(The following was written for my friend Janeson Keeley's blog. I reprint it here for my daughter.)
*
By Dan Smith
Chris’ face was stony and pinched and she was unusually quiet as I entered the living room of our log cabin after a day at the paper.
“What’s up?” I said. “You look worried.”
“Nothing,” she said, turning from me and moving toward the kitchen.
“Aw c’mon, Chris. Let’s not do the silent thing. What is it?”
“What are we going to do about Jennie’s Christmas?” she said sharply. “I can’t see any extra money; not one cent. This will be the first Christmas she’s aware of and I know the other kids have been talking to her about it. She mentioned Santa today and I didn’t know what to say to her. I don’t even want to mention a wish list.”
I had put off thinking about Christmas because I knew I would get mad at Christ for being born and hanging this financial burden over my head. “You looking to blame me for something else, Chris?” I said. “I’m doing the best I can.”
The “best I can” was being the 24-year-old sports editor of Asheville’s afternoon paper, The Times, a 35,000-circulation bird cage liner that was losing readers on a daily basis. It was a hotshot job—as far as my buddies were concerned—but it would have been a much better gig for a single guy. In 1970, the days of the two-newspaper small town were over and I was on the front edge of the change, earning $90 a week. Most of that went to rent a log cabin in the Kenilworth section of Asheville, food, upkeep on a battered old Chevy and Chris’ school at UNC-Asheville. She was a junior, studying social work and occasionally worked as a telephone operator overnight.
Our three-year-old daughter’s Christmas didn’t figure in that. In fact, Jennie’s expenses in general didn’t figure much. My mother kept Jennie during the day because there was no way we could afford a nursery and most of her other needs were met with hand-me-downs.
I went to bed that night without an answer.
When I awoke the next morning, I had one.
I rolled toward my young wife and blew in her face until she stirred. “Mmmmmm,” she said, and she smiled. “What are you doing awake? It’s still dark outside.”
“I know what we can do for Jennie,” I said. “It won’t really cost anything and I think she’ll love it. It involves a refrigerator box, which I will get at one of the furniture stores, that old watercolor paint set of yours, the curtains you had set aside to give away and a couple of other things we can come up with.”
“What in the world are you thinking?” she said, the smile still there. “Today’s Christmas Eve and we’re going to have to hurry if we’re going to do something complicated.”
“That’s the beauty,” I said. “It’s simple. And I think it’s pretty elegant.”
I only had to work half a day, giving me time to make some rounds and pick up what we needed in the afternoon. Chris was on break from school, but she was taking care of Jennie, so she couldn’t do much, other than decorate a tree, which I had salvaged from a nearby elementary school when the Christmas break started. Jennie delighted in the shared time and the two of them were giggling when I got home from work.

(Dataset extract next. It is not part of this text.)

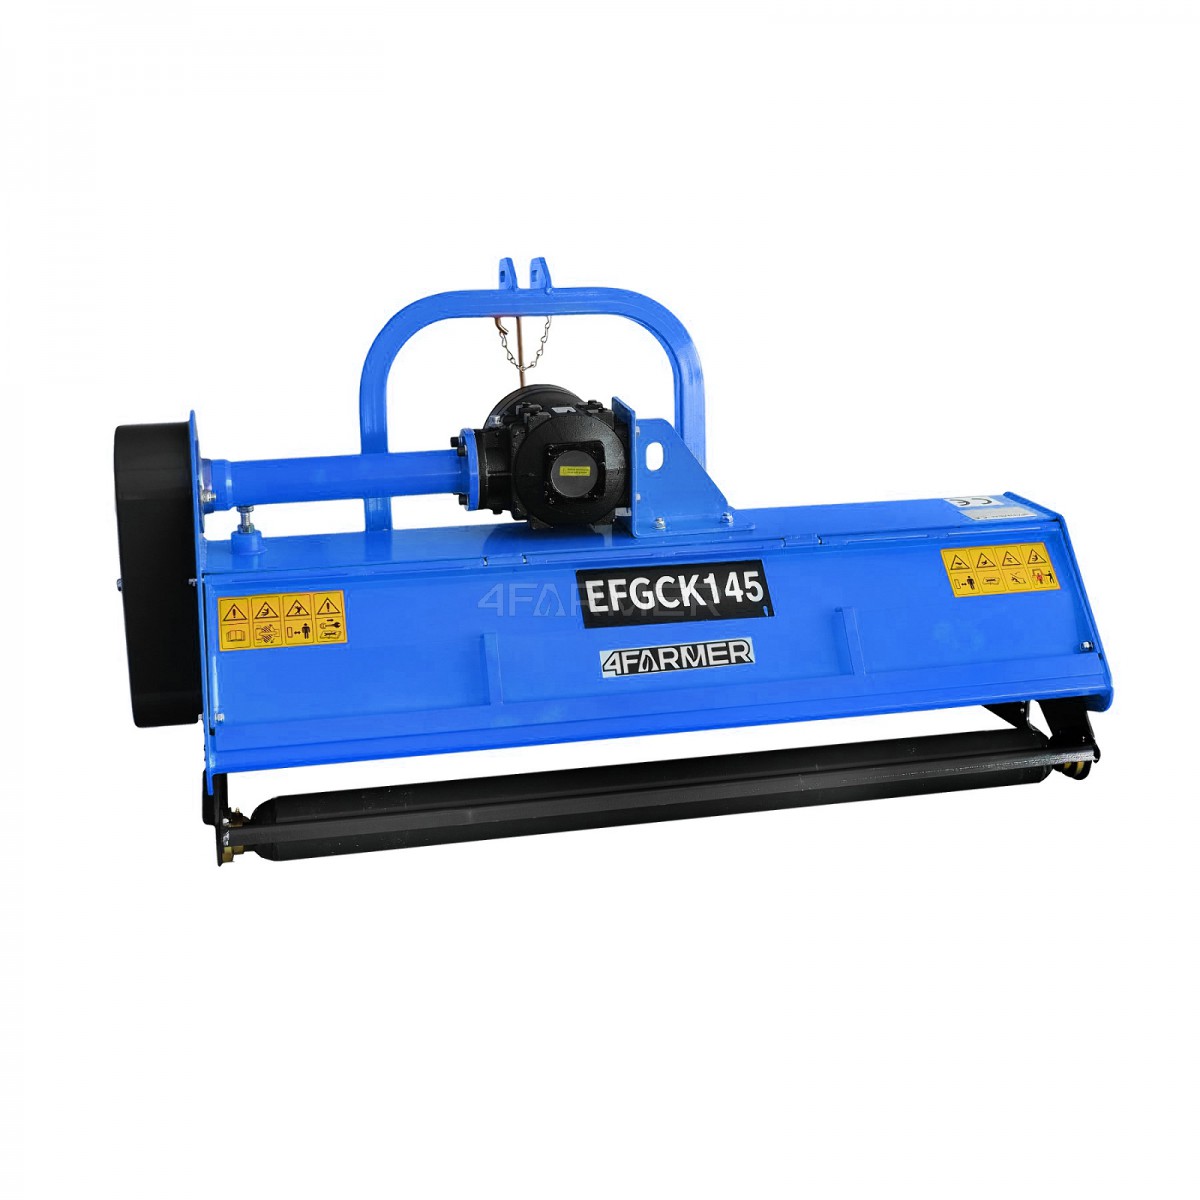 Flail mower EFGC-K 135 with opening flap 4FARMER - blue

“Did you get the stuff?” Chris said. I nodded.
“Santa’s coming,” Jennie squealed. “He’s bringing toys.” She ran to me and sprang into my arms, wrapping up and hugging me.
At 8 o’clock, with Jennie tucked in, storied, hugged, kissed and snugged to sleep, Chris and I sat about the task at hand: building Jennie a house.
I went out to the ’56 Chevy Bel Aire and untied the refrigerator box from the top. I had broken it down, so it was flat. The box squared back up and I slid a cap over one end to stabilize it. I entered the box with a carpet knife and cut out two windows and a door on the side and slipped the cap on the other end, creating a boxy—quite literally—house. Then Chris went to work with the watercolors, painting in flowers, shutters, a doorknob and patterns in the door. She even gave the front of the house a brick look.
I pulled a small cable spool that I had salvaged at the power company from the back seat of the car and slipped it into the house. Chris covered it with an old bed sheet and we put two pillows at the side of the table. Chris sat cups and saucers at the table and would put out cookies and milk just before morning.
I had picked up a couple of dolls at a thrift store—the Next To New Shop—downtown that my mother frequented so much that she was on a first-name basis with the staff. She had urged me for years to go in and see what was available “for next to nothing.” The dolls were nearly new, quite nice and had cost 50 cents each. Chris put them in the house, sitting them on the pillows at the spool table.
">We looked at each other like we were in the middle of a plot to overthrow the government, grinned, laughed and fell into each other’s arms. We lay there just outside Jennie’s new house in the light of the Christmas tree for hours until I awoke just before dawn. “Better put the cookies and milk out,” I whispered. “Little feet will be padding in just a bit.”
We went to our bedroom and quickly returned to sleep. But shortly, we were awakened by a squeal from a little girl discovering Santa Claus. We ran to the living room and saw a bright, smiling face looking out the window of her house at us. “Santa came,” she said.
*
Merry Christmas to my favorite daughter. I love you.